Re: FES Book Club
« Reply #360 on: April 26, 2020, 02:19:48 AM »
excession

another fantastic book in the culture series. the story centers around the culture's reaction to a so-called "outside context problem":

Quote
The usual example given to illustrate an Outside Context Problem was imagining you were a tribe on a largish, fertile island; you'd tamed the land, invented the wheel or writing or whatever, the neighbors were cooperative or enslaved but at any rate peaceful and you were busy raising temples to yourself with all the excess productive capacity you had, you were in a position of near-absolute power and control which your hallowed ancestors could hardly have dreamed of and the whole situation was just running along nicely like a canoe on wet grass... when suddenly this bristling lump of iron appears sailless and trailing steam in the bay and these guys carrying long funny-looking sticks come ashore and announce you've just been discovered, you're all subjects of the Emperor now, he's keen on presents called tax and these bright-eyed holy men would like a word with your priests.

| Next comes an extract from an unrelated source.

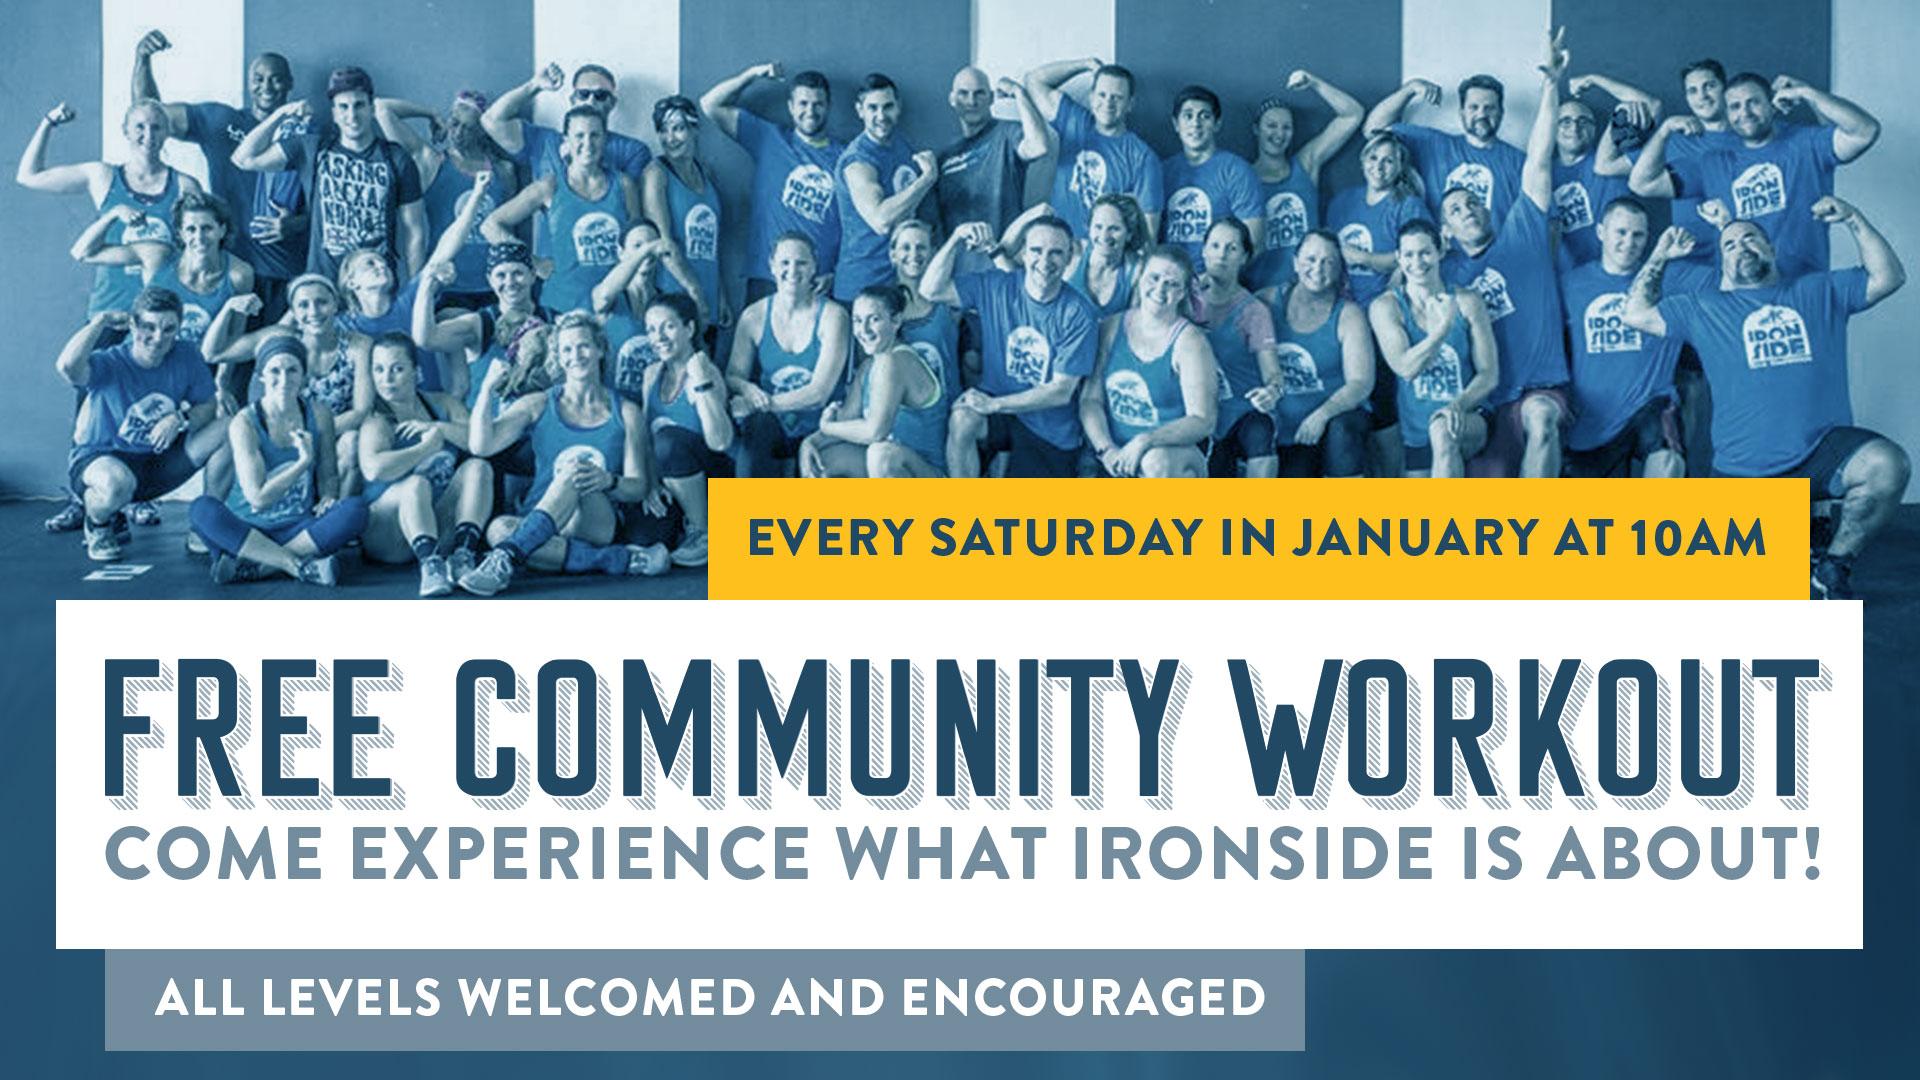 Crossfit Ironside - FREE Community Workout

excession pretty much consists of three concurrent threads: some cloak-and-dagger shit between the hyper-intelligent AI minds that run the culture, some idiot space boomer who loves space nazis, and lore. lots and lots of lore.

i found this to be a much more confusing read than phlebas or player or games. the cloak-and-dagger shit between the minds was sort of hard to follow. but banks is kind enough to provide a summary at the end in the form of blunt-force character exposition.

hella good. 9/10.

the spy who came in from the cold

tbh there's really not a lot i can say about this one without giving away spoilers. if you like slow-burn spyshit that is mostly just a long series of conversations, then you'll really like this. i loved it.

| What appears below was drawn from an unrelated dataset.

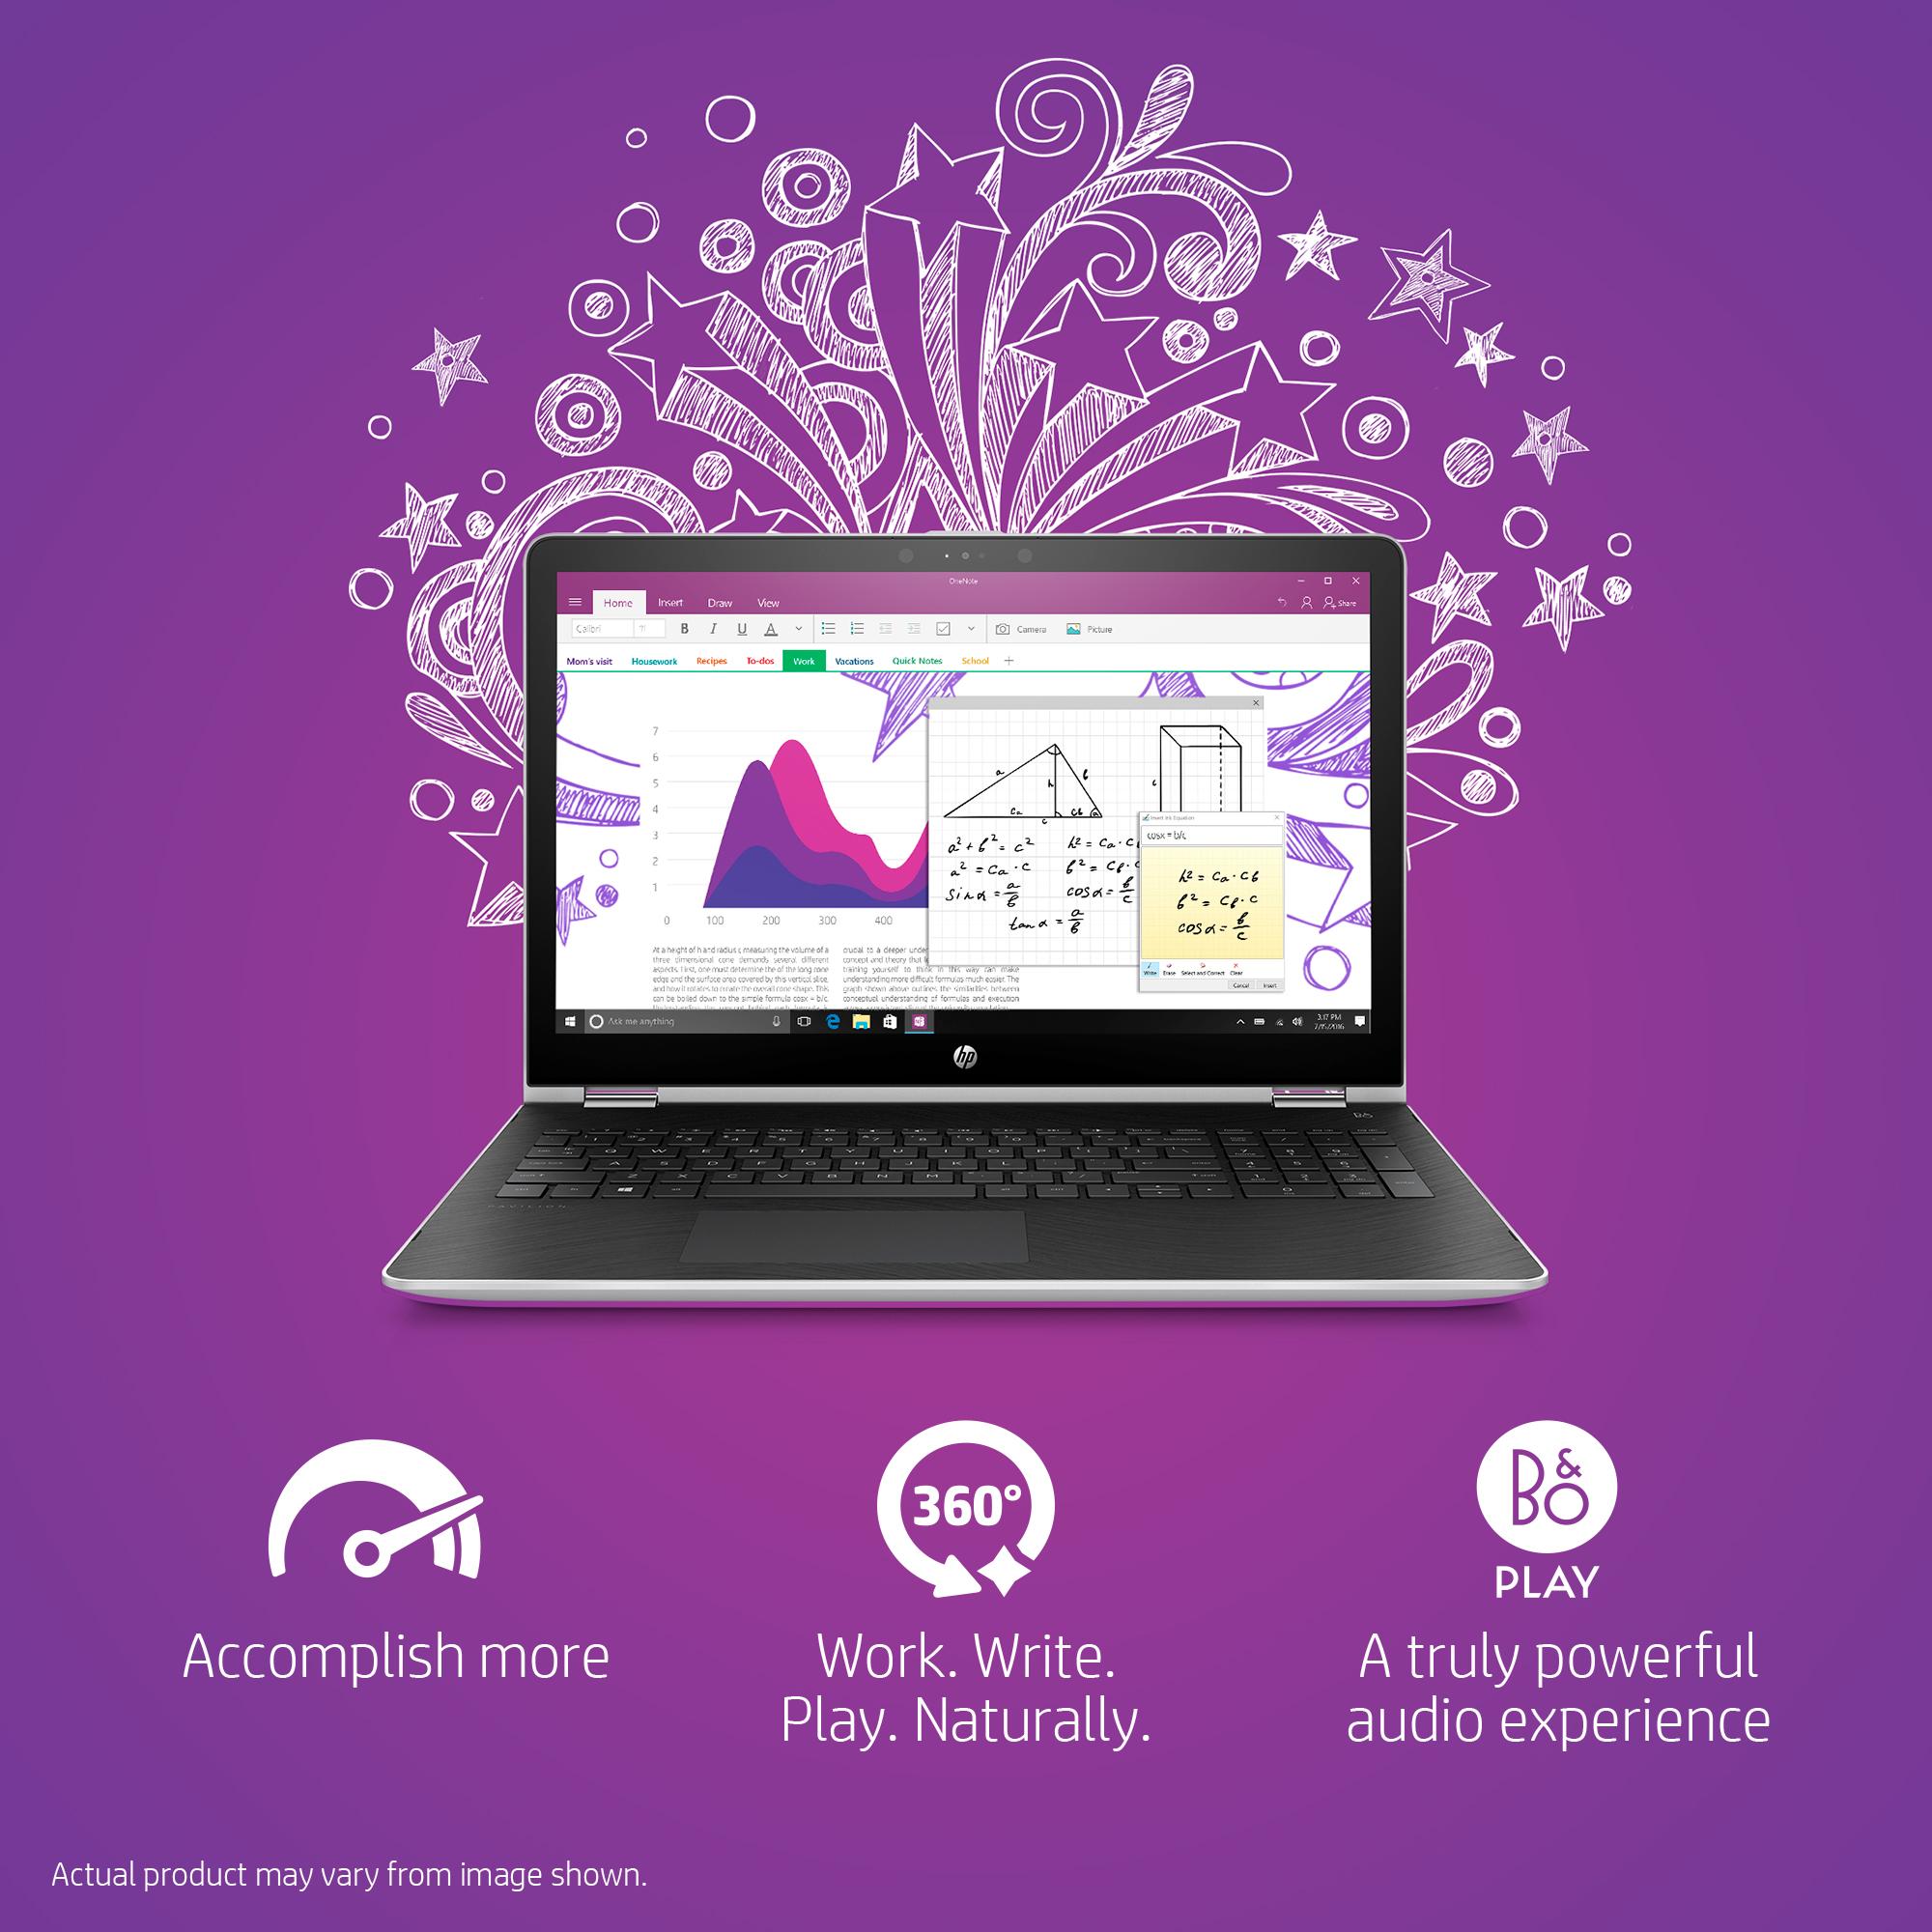 HP Pavilion x360 Convertible Laptop 15 6 Touch Screen Intel Core i5

also hella good. 10/10 tbh.
I have visited from prestigious research institutions of the highest caliber, to which only our administrator holds with confidence.

Offline Dionysios

  • *
  • Posts: 277
    • View Profile
Re: FES Book Club
« Reply #361 on: June 13, 2020, 10:24:48 PM »
‘The Atom Spy Hoax’
By William A. Reuben
(1955)

Written by a personal friend of the Rosenbergs who organised their international support network, this book does not quite deny that the Soviets had any spies whatsoever, but it comes closer to it than any book I know. It’s as die hard anti-McCarthyism as it gets.

Unfortunately even most of the American left surrenders to these two McCarthy style American writers John Earl Haynes and his colleague Klehr who both write about so-called Venona secrets as proof of Soviet spying viewing any evidence that the Soviet Embassy or USSR had communication whatsoever with any Americans likely constitutes spying or some kind of illegal activity. If I find a writer falls into that line of thinking, then I donate their book to the garbage can.

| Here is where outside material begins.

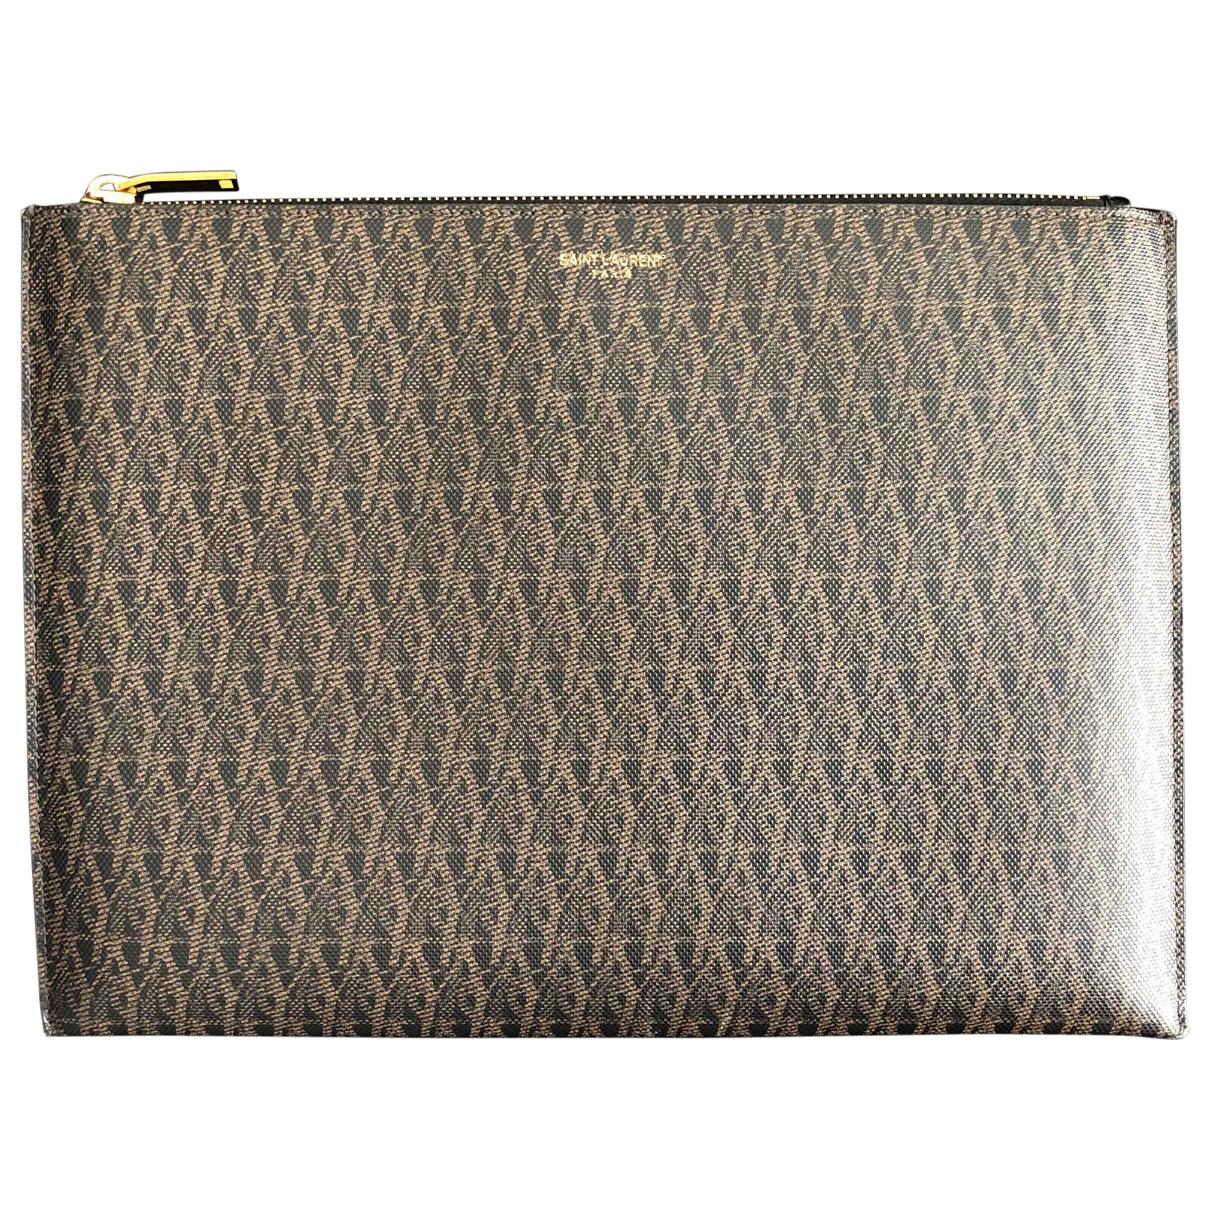 Saint Laurent \N Brown Cloth Clutch bag for Women \N

I actually discovered that Haynes and Klehr describe William Reuben as the equivalent of a holocaust denier. Of course, William Reuben represents the opppsite of that. The the fact that they hate him so much because he doesn’t surrender to their falsehood means that such slander was the best best they could do. There is an old saying that to be insulted by a heretic is a great honour.

I was very pleased to happen across this gem of a book which takes the received wisdom about alleged Soviet evil during the McCarthy era and successfully flushes it down the toilet.